I have some parquet files which are created by Spark converting AVRO file to parquet file. And these parquet files contain different data types like decimal, int,string,boolean. But when I read this file using the dd.read_parquet with pyarrow engine, except int everything else is converted to object data types and which causes an issue in arithmetic calculations. And i tried with the float dtypes for the decimal columns but that will loose precision.

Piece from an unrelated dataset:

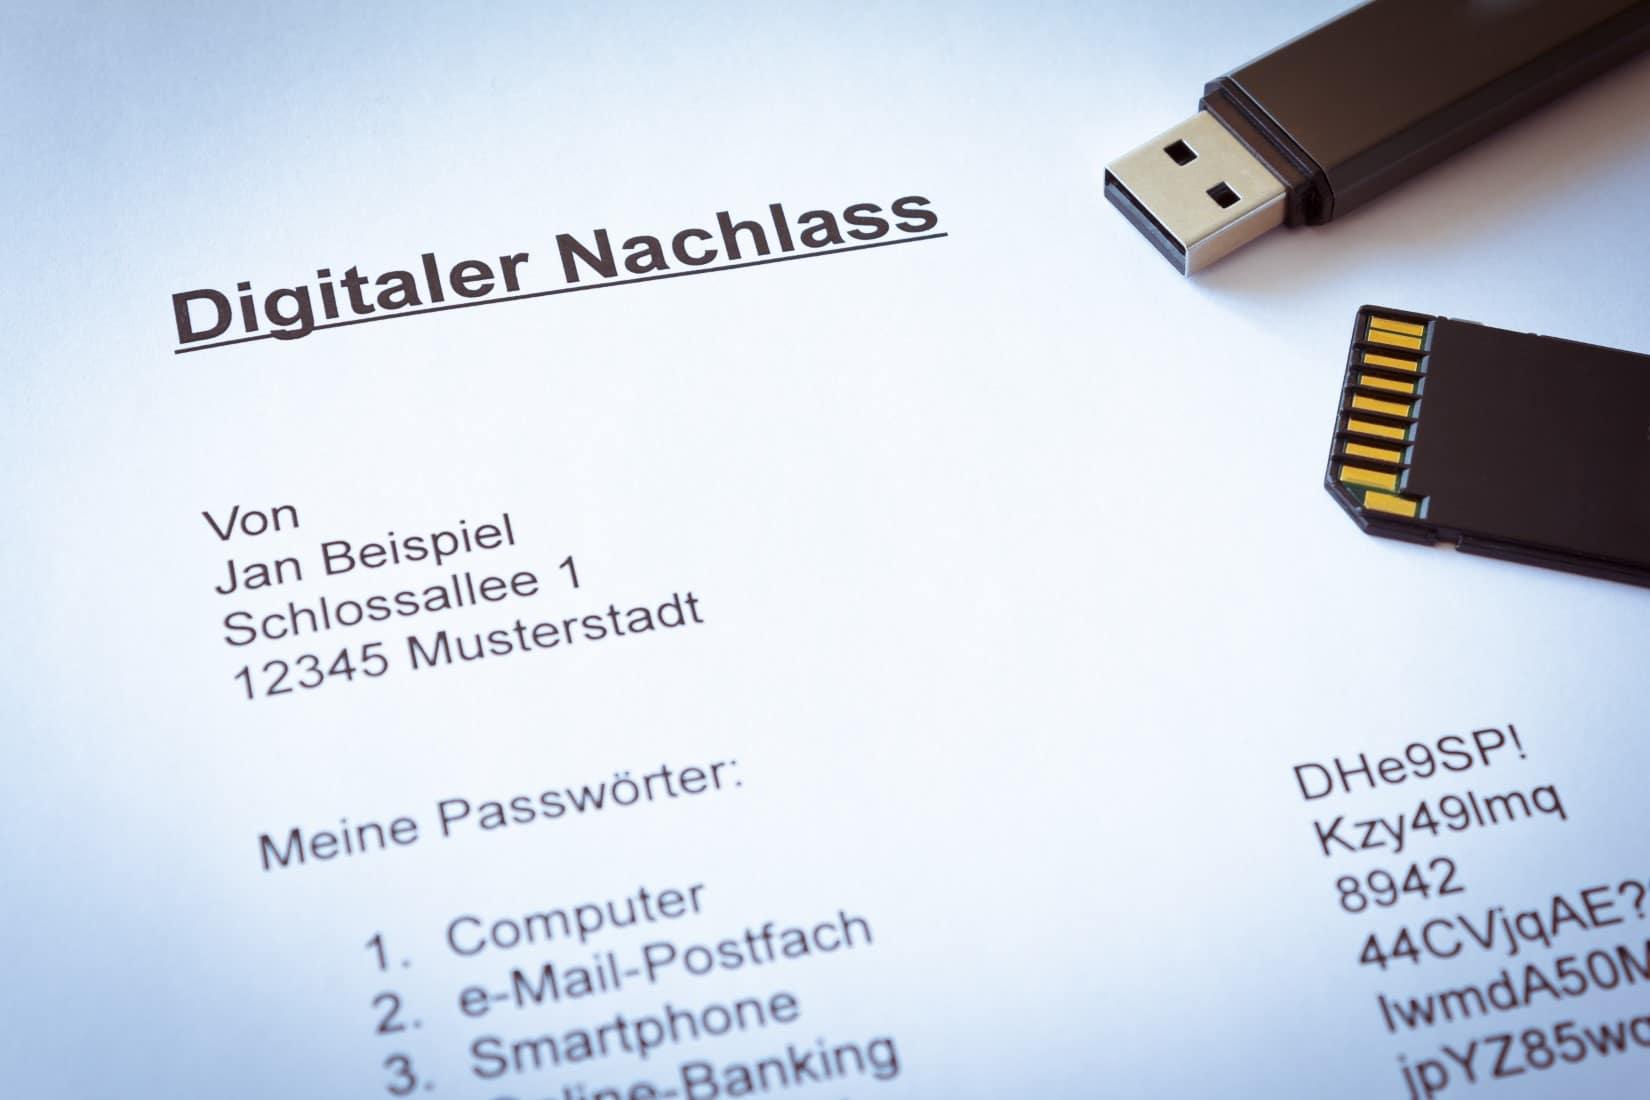 Digitaler Nachlass

Any idea how to read the values withot loosing the precision ?
Schema for the parquet file
<pyarrow._parquet.FileMetaData object at >
created_by: parquet-mr version 1.10.1 (build a89df8f9932b6ef6633d06069e50c9b7970bebd1)
num_columns: 7
num_rows: 1
num_row_groups: 1
format_version: 1.0
serialized_size: 4376
ID: string
CODE: string
CURRENCY: string
DEDUCT: decimal(20, 2)
PERCENT: decimal(11, 10)
MIN_DEDUCT: decimal(20, 2)
MAX_DEDUCT: decimal(20, 2)
metadata
{b'org.apache.spark.sql.parquet.row.metadata': b'{"type":"struct","fields":[{'
b'"name":"ID","'
b'type":"string","nullable":tr'
b'ue,"metadata":{}},{"name":"'
b'CODE","typ'
b'e":"string","nullable":true,'
b'"metadata":{}},{"name":"'
b'CURRENCY","typ'
b'e":"string","nullable":true,'
b'"metadata":{}},{"name":"DEDU'
b'CT","type":"decimal(20,2'
b')","nullable":true,"metadata'
b'":{}},{"name":"'
b'DEDUCT","'
b'type":"decimal(11,10)","null'
b'able":true,"metadata":{}},{"'
b'name":"MIN_DEDUCT","'
b'type":"decimal(20,2)","nulla'
b'ble":true,"metadata":{}},{"n'
b'ame":"MAX_DEDUCT","t'
b'ype":"decimal(20,2)","nullab'
b'le":true,"metadata":{}}]}'}